Gail and I moved out of the garage and down the driveway as fast as we could, leaving the carton of gilt-edged pictures behind. Before we reached the safety of Gail's minivan, Joyce bellowed, “Don't forget the bake sale!”

Gail let out an exaggerated sigh. “You didn't have to buy anything. I just wanted to give you a sample of local colour. What we do for recreation here in the boonies.”

I studied the picture again. “I wanted this. It looks like one Sara gave me — you must have seen it. The only evidence she had of a twin sister. I'll dig mine out when I get home, if I can ever find it.” I stared at the bows on the girls' heads — one straight and neat, the other floppy. Sara said her floppy bow was the only way she could tell herself from her sister. “But there's no way they could be the same. Sara's was taken in Nanaimo.”
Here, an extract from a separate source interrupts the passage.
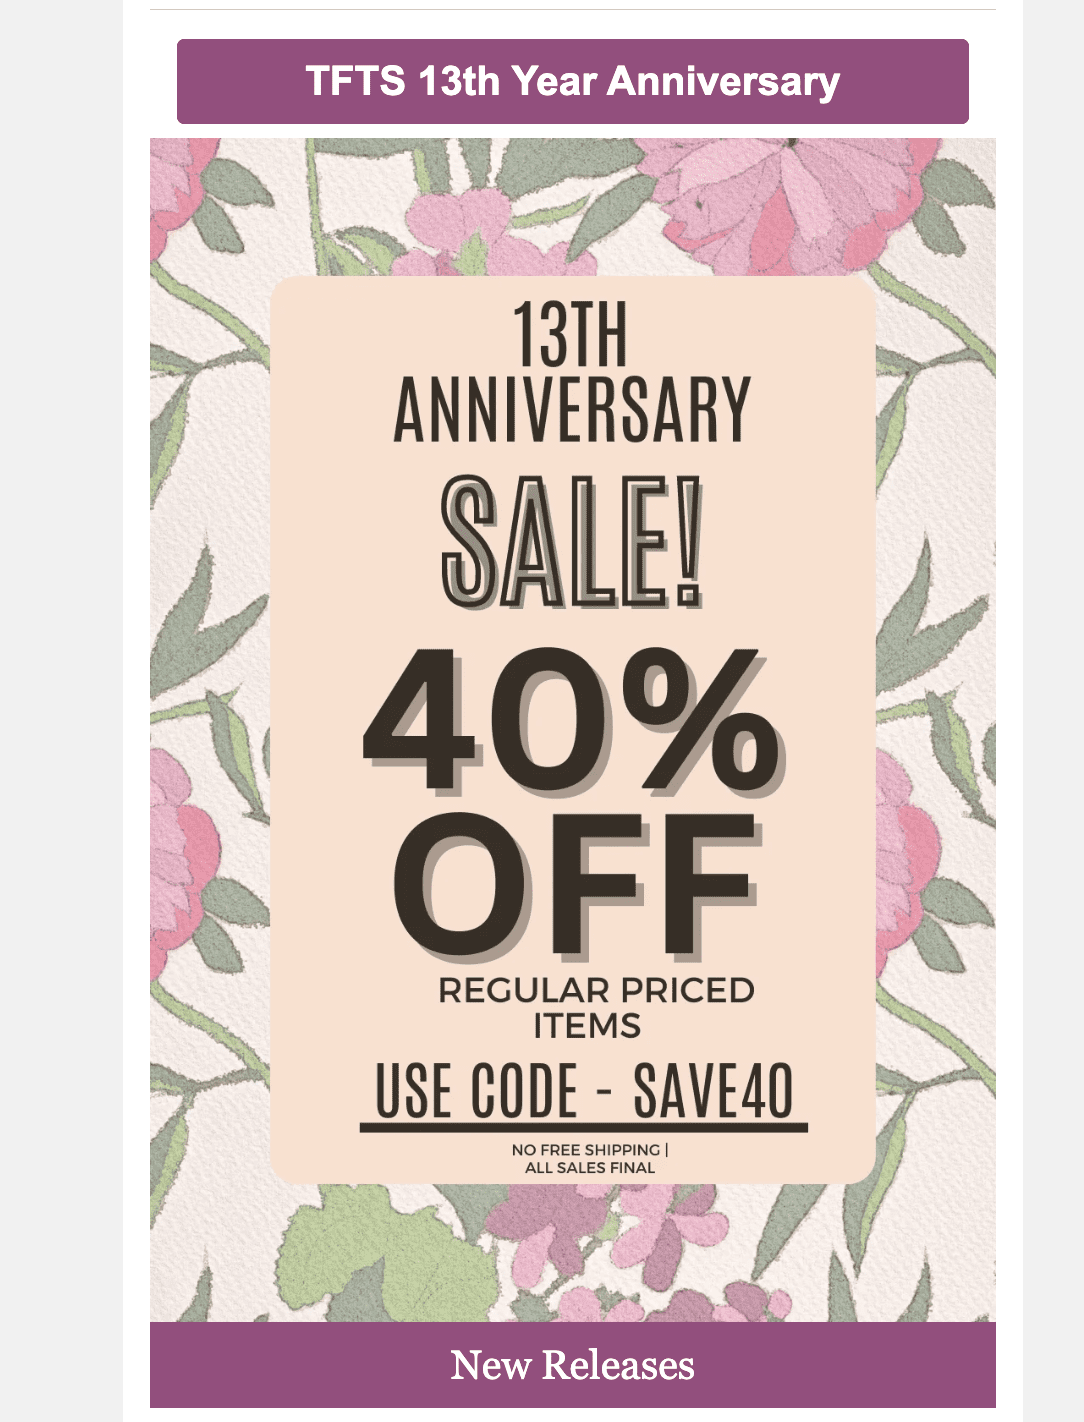 Anniversary email examples to build customer relationships
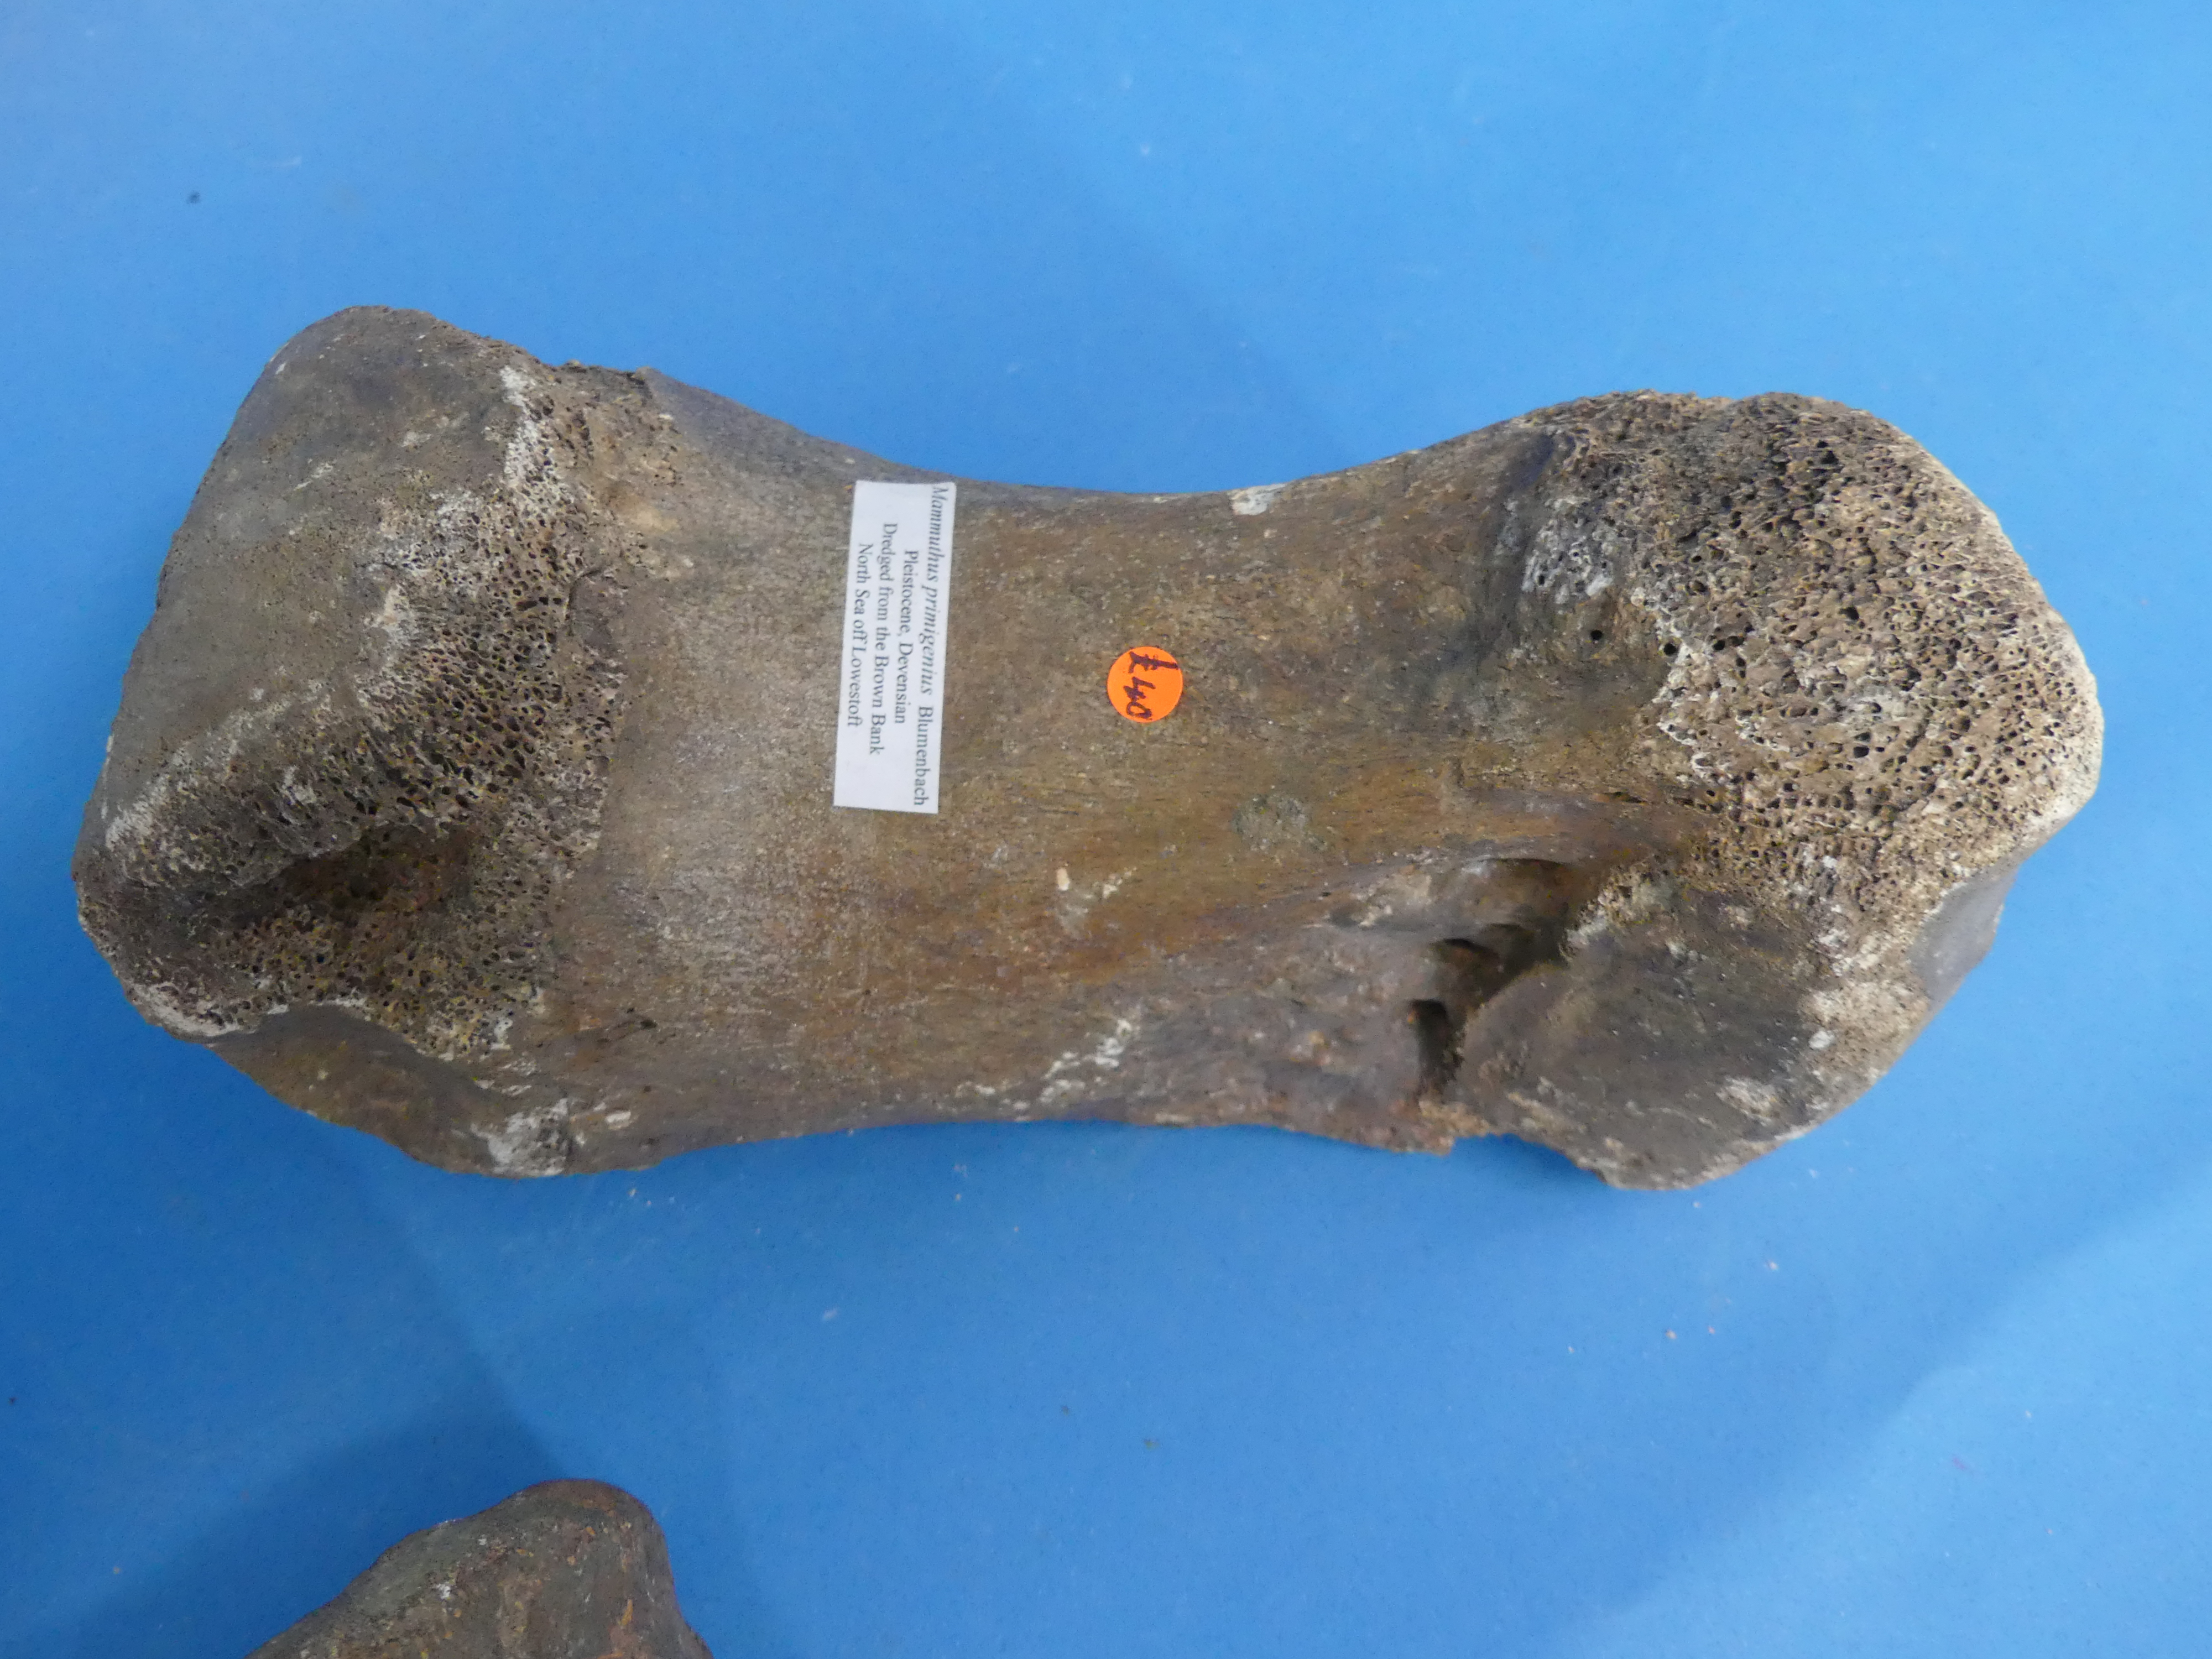 Natural History, Paleontology and Minerals; Two Iguanodon Bone Fossil Specimens, Cretaceous - Image 7 of 8

Gail nodded. Old friendships spared a lot of explanations. She had known my grandmother since we started kindergarten together in Vancouver and, like me, had called her Sara. All through elementary school, Gail and I were known as the Gold Dust Twins because of our fair hair, but in Grade Seven the nickname ended when my hair darkened to khaki brown. At the same time, I shot up like a space needle and Gail grew curves. By the time we graduated from high school, I had come to rest at 5'11" and had a few mounds of my own. Gail never did make it past 5'2", but she stayed blonde and was always the cutest in any group. When she came to visit me in training at Depot in Regina, Monty, one of my troop mates, fell in love with her at first sight, and not much later, she reciprocated. I had to sign a prenuptial agreement promising, for my part in this match, to visit them in whatever isolated place Monty ended up. Willow Point, Saskatchewan, was the third such outpost, but his corporal's hooks came with this move, an impressive promotion for someone with his years of service. All the while, I was swallowed up in the lower mainland, where the
RCMP
acts as the municipal force for several cities surrounding Vancouver. I served with the Burnaby detachment and rented an apartment on the Vancouver side of Boundary Road. It could have been worse — I could be working in Surrey.

Gail pulled into the driveway of their grey vinyl-sided, split-level home. It was more or less like their other quarters provided by the
RCMP
, and more or less like all the houses on the short crescent. Monty greeted us with baby Macy in one hand, a barbecue brush in the other, and their son Clancy whooping around him.

“What do you think of our town —
enchanté, non
?” Monty grinned, as Gail took Macy into the house, Clancy following. Monty's grin had won over everyone at Depot, staff and recruits alike. Back then, he had a Québécois accent, now almost extinct under Gail's influence. He must have inherited his sense of humour from his mother who named him Montcalm and his twin brother Wolfe.